Most accepted this... but not all.

Further, they wondered about the much older god, whose heart beat at the center of our world.

Priests of the many sects that honored T'ien came to believe that the chambers of the heart radiated auras that were white, black, blue, or red.

The blue chamber was the passage to our world.

The white opened into the realm of T'ien.

The black was the passage to the abode of the dead.

And the red –

The red was the doorway to the Outworld, home of the greatest mysteries of all.

PART ONE
Chu-jung in the District of Tan-Yang:
A.D. 480
CHAPTER ONE

 

"But
why
must you do this?" Chen wailed as she clutched her nephew's arm through the sleeve of his brown robe. "Do you even know?"

Kung Lao's handsome features twisted unhappily. "I do know, Aunt Chen," he said. He stopped walked toward the door of their bamboo hut and wormed his arm gently from shoulder to wrist in an effort to dislodge her. "I go to learn."

"Would you also walk into the lake to learn how to drown?" she asked, holding fast. "Would you hurl yourself from the roof of the temple in Jackichan to discover that you cannot fly?"

Kung Lao frowned. "It isn't the same thing. I have
seen
people drown, and I know that I'm not a bird or butterfly. But I have never seen a god."

"And you
won't
!" she screamed. "You'll die before you reach even the lowest ring of gods."

"How do you know," he asked, "if no one has ever tried? The priests didn't die."

"The priests don't try to climb the mountain," she said, tears spilling from her narrow eyes down her wrinkled, weather-beaten cheeks. "Besides, the holy ones were summoned. You were not.
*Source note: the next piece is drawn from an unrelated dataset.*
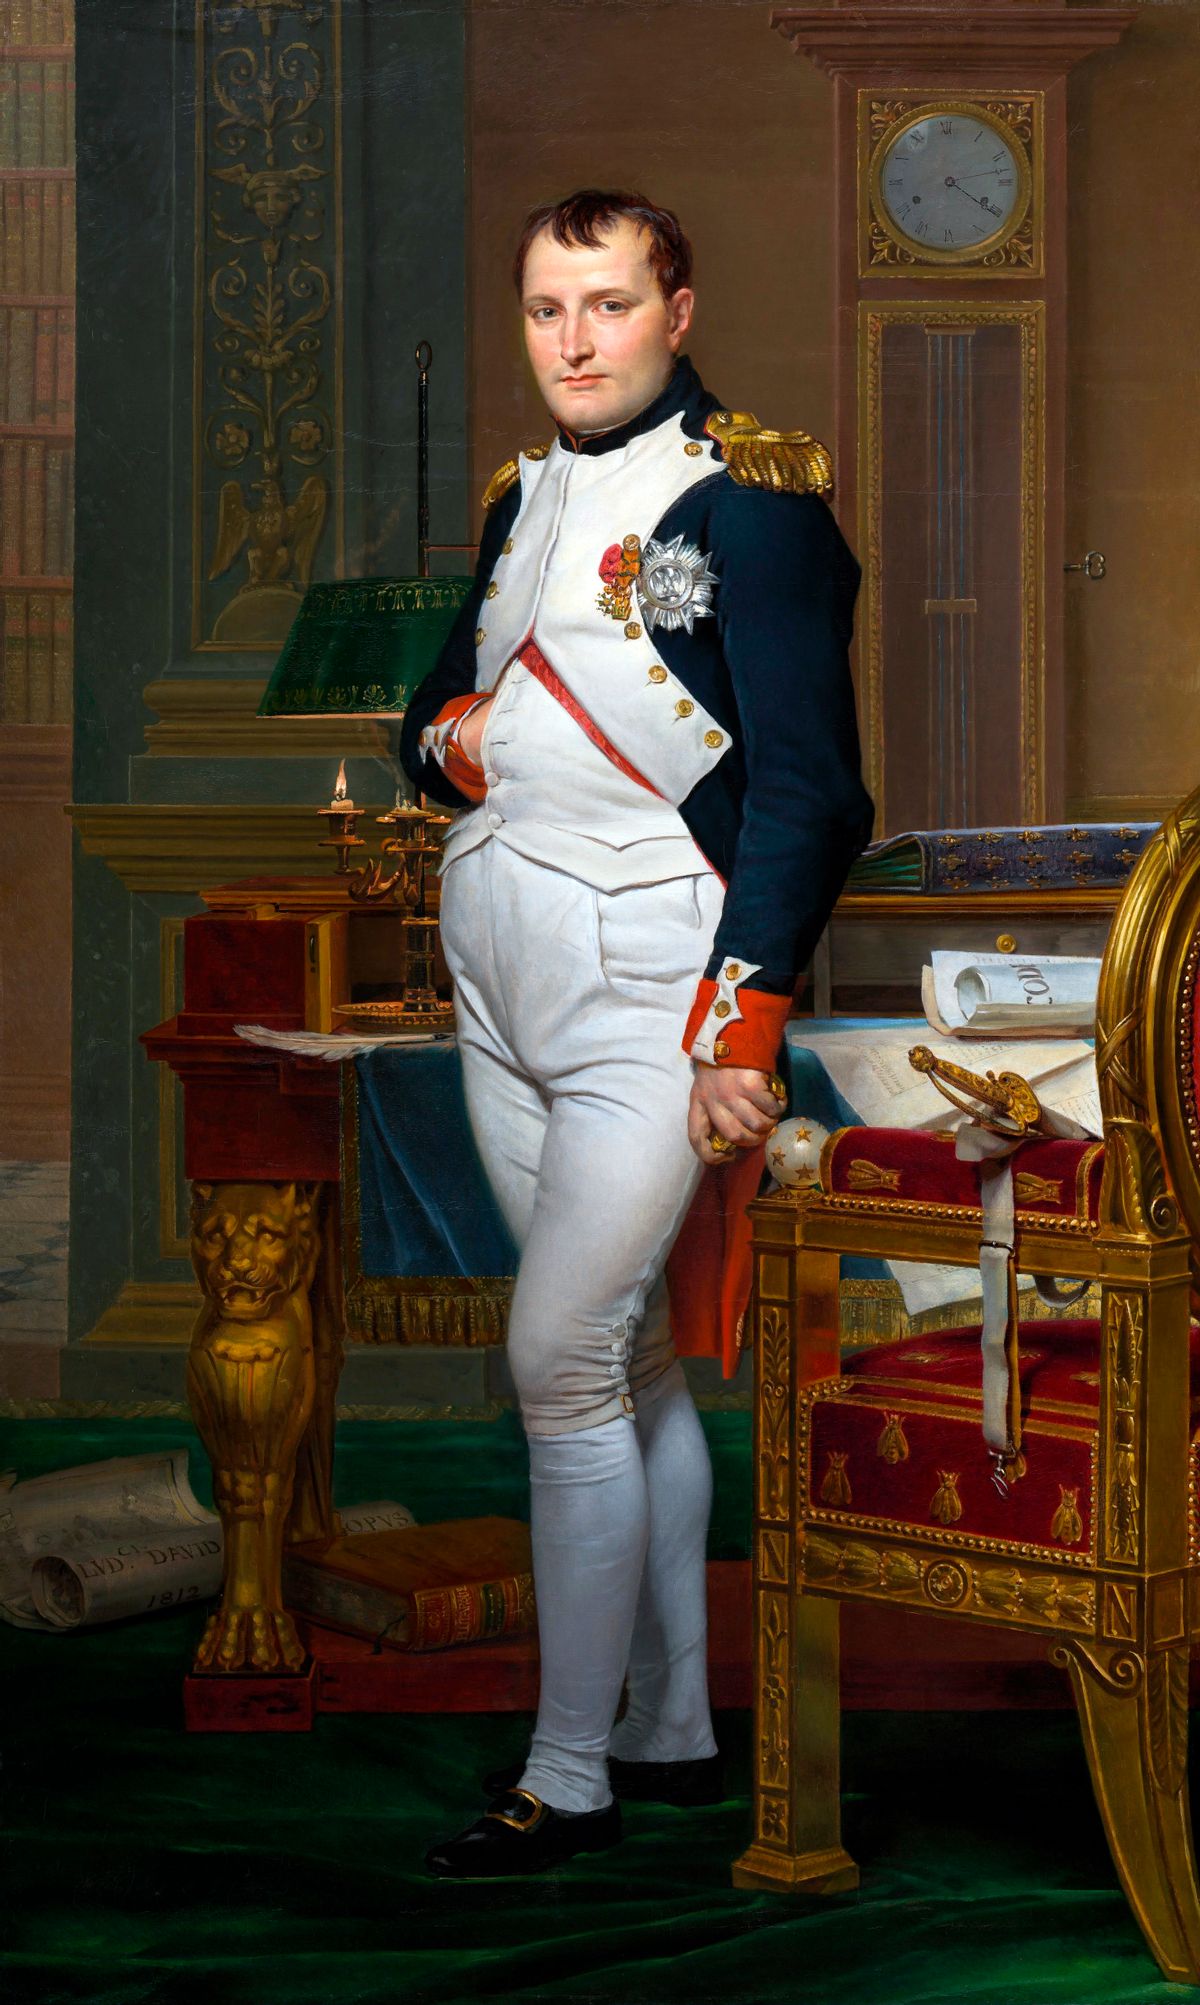 Jacques-Louis David (French, 1748 – 1825), The Emperor Napoleon in His Study at the Tuileries, 1812, oil on canvas, 203.9 x 125.1 cm (80 1/4 x 49 1/4 in.), National Gallery, Washington, D.C. (Photo by VCG Wilson/Corbis via Getty Images) (VCG Wilson/Corbis via Getty Images)

You finished making water deliveries, stopped in the village square, and decided, 'Ah... it's time that I, lowly Kung Lao, who carries water from the well to the buckets of my people, go and have a talk with T'ien.'"

"It was more than that," said that tall, powerfully built youth, his frown deepening.

"Yes," she said. "Madness the size of Mt. Ifukube!"

"No, my aunt," Kung Lao replied. He grabbed the long queue of black hair that hung down his back and held it in front of his aunt. "Tell me – what do you see?"

She regarded him strangely. "I see... my mad nephew's hair."

"What else?" He wagged the end at her.

"I see a white cloth tied around the end, instead of the black one you usually wear." She looked into his eyes. "I don't understand–"

He shook his head. "I can't explain."

Chen took the youth's hands and squeezed them tightly. "Why must you be your father's son," she asked, "blessed with curiosity but ungoverned, unwilling to hear reason? I lost him, I lost your uncle. I don't want to lose you!"

"And you won't," he promised. "My father was hasty, I am not. Wasn't it I who warned him not to mix those powders and set them afire?"